On the basis of the lytic spectra data of δ274 and Ψ102 screened against eight different Pseudomonas aeruginosa isolates from abbatoir and residential waste waters and done in quadruplicates, there were differences in the number of distinct plaques as shown in Table 2. These differences in the number of plaques against specific Pseudomonas strains for δ274 and Ψ102 could be attributed to their different phenotypes, hence the need to characterize the phages. Though, for phage therapy to be useful, it has to be done under in-vivo conditions mimicking real life situations and challenging the models with MDR isolates. In-vitro tests may not be a reliable indicator of its activity in-vivo. It has been said that phages are inhibited by blood, serum, bile, white cells and tissue debris. Ψ102 was ineffective against RES 144 and ABA 41 which could have resulted from a failure to be adsorbed to the cell surfaces of the Pseudomonas strains. This is usually determined by the host density in the environment and adsorption rate constant of the phage. A way to solve this setback is the use of phage coCktails, as this widens the range of action [25].

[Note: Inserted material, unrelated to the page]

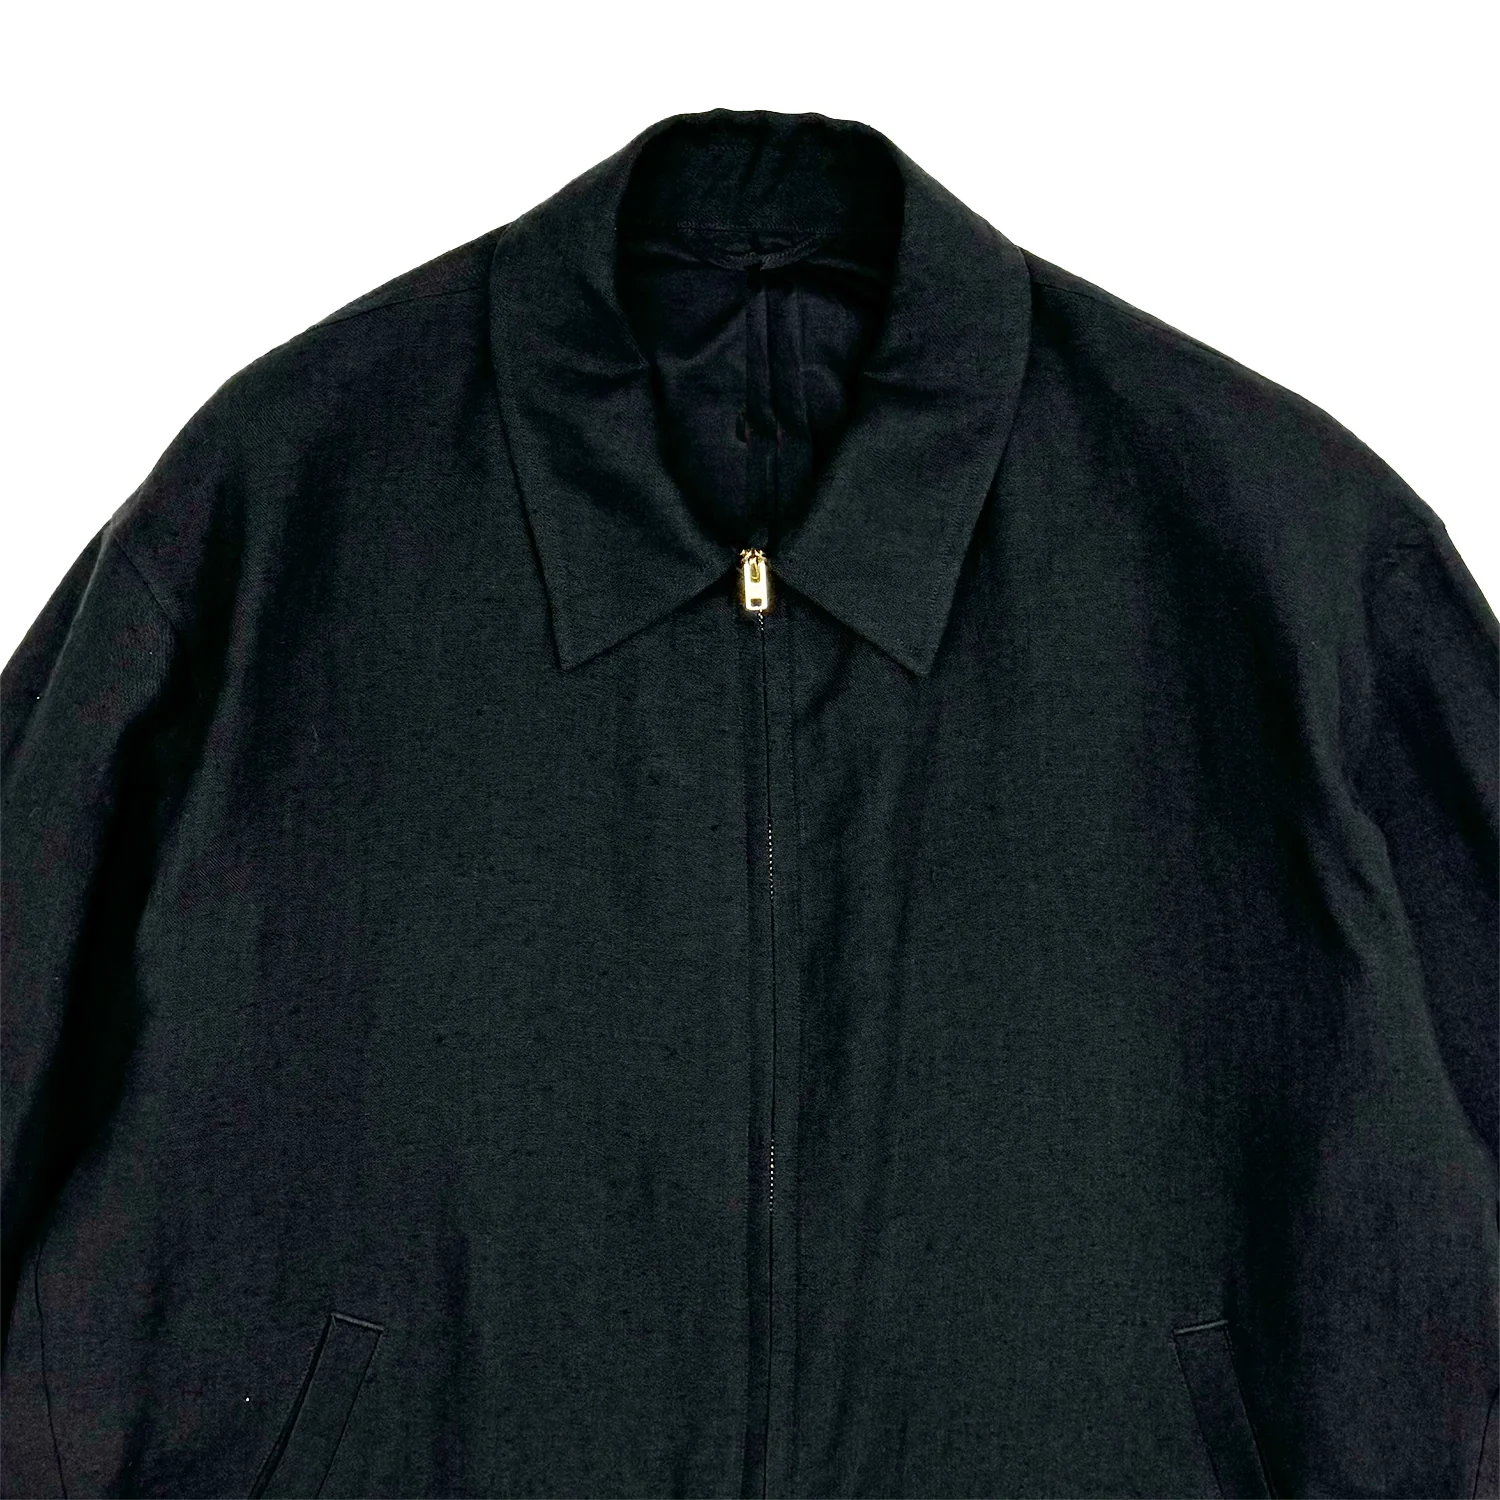 COMOLI / カナパジップショートジャケット
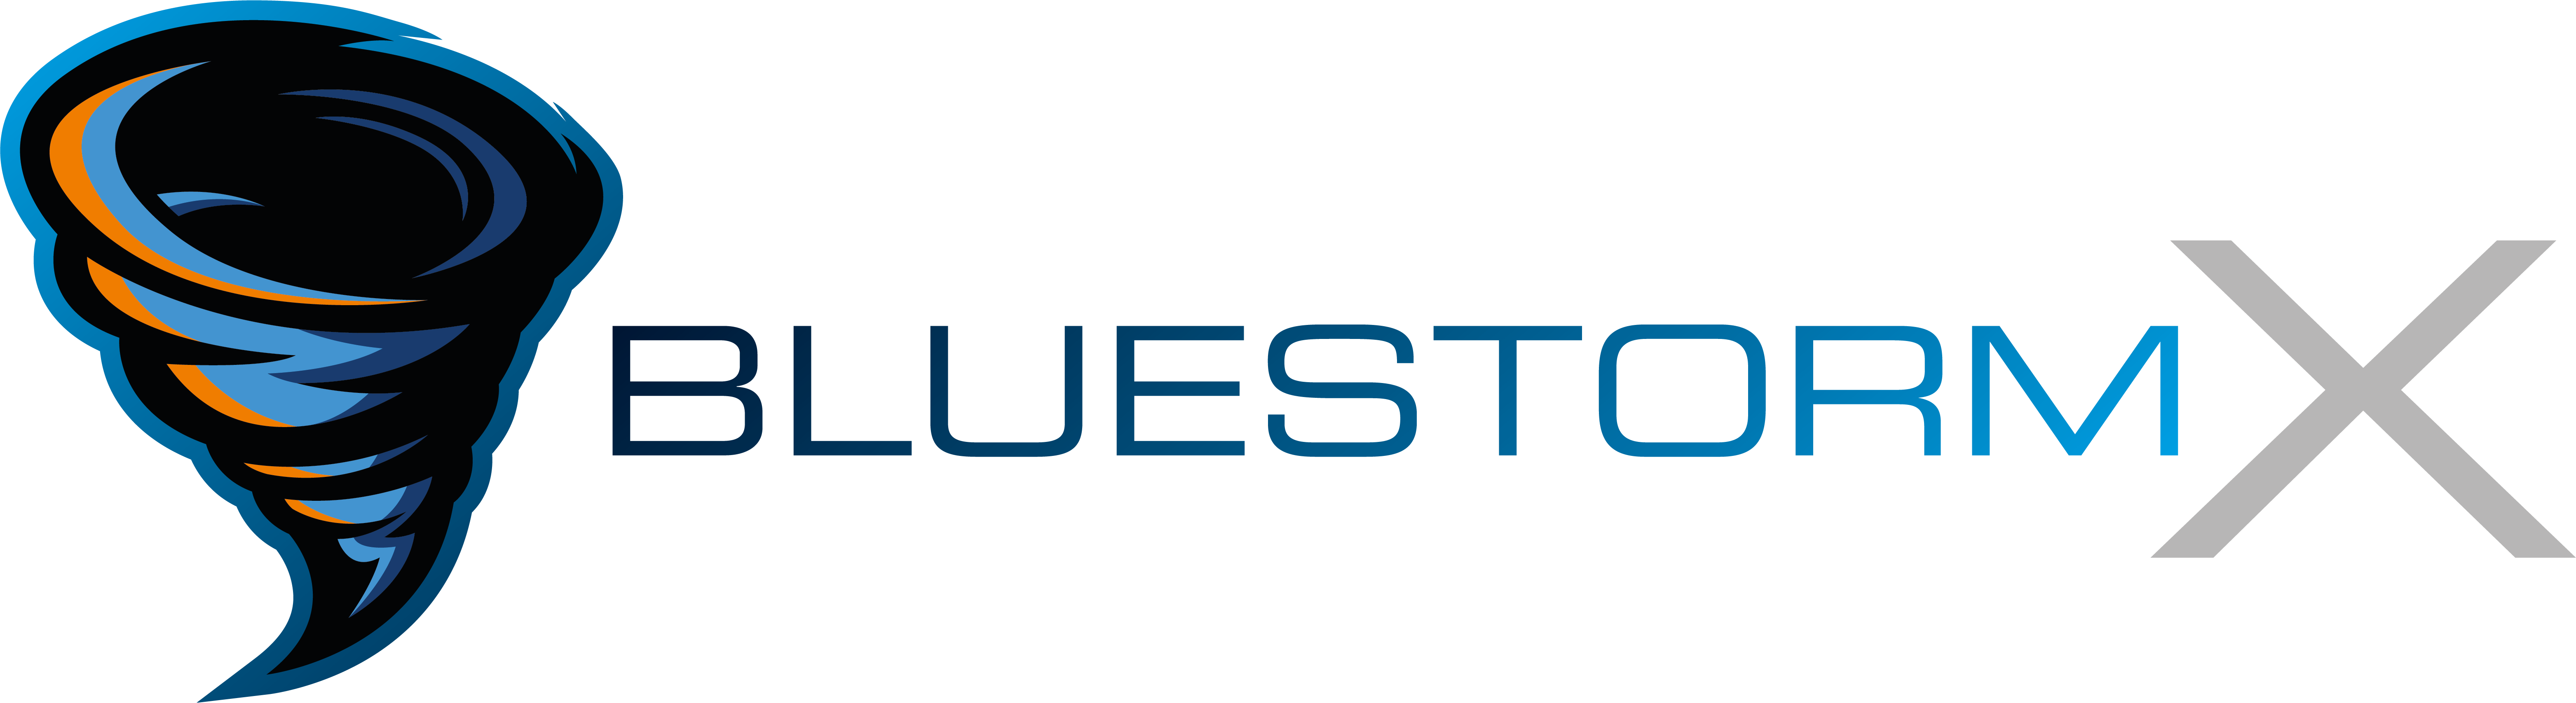 Logo von BlueStorm-X mit Schriftzug rechts daneben

Lysis by bacteriophages | ||
---|---|---|
P. aeruginosa strains | δ274 | Ψ102 |
ABA5 | ++ | + |
ABA1 | + | + |
RES141 | ++ | ++ |
RES144 | ++ | - |
ABA31 | ++ | ++ |
ABA41 | ++ | - |
ABA42 | + | +++ |
ABA61 | + | ++ |
Table 2 Lytic spectra of two bacteriophage isolates determined on eight Pseudomonas host strains from abbatoir and residential waste water.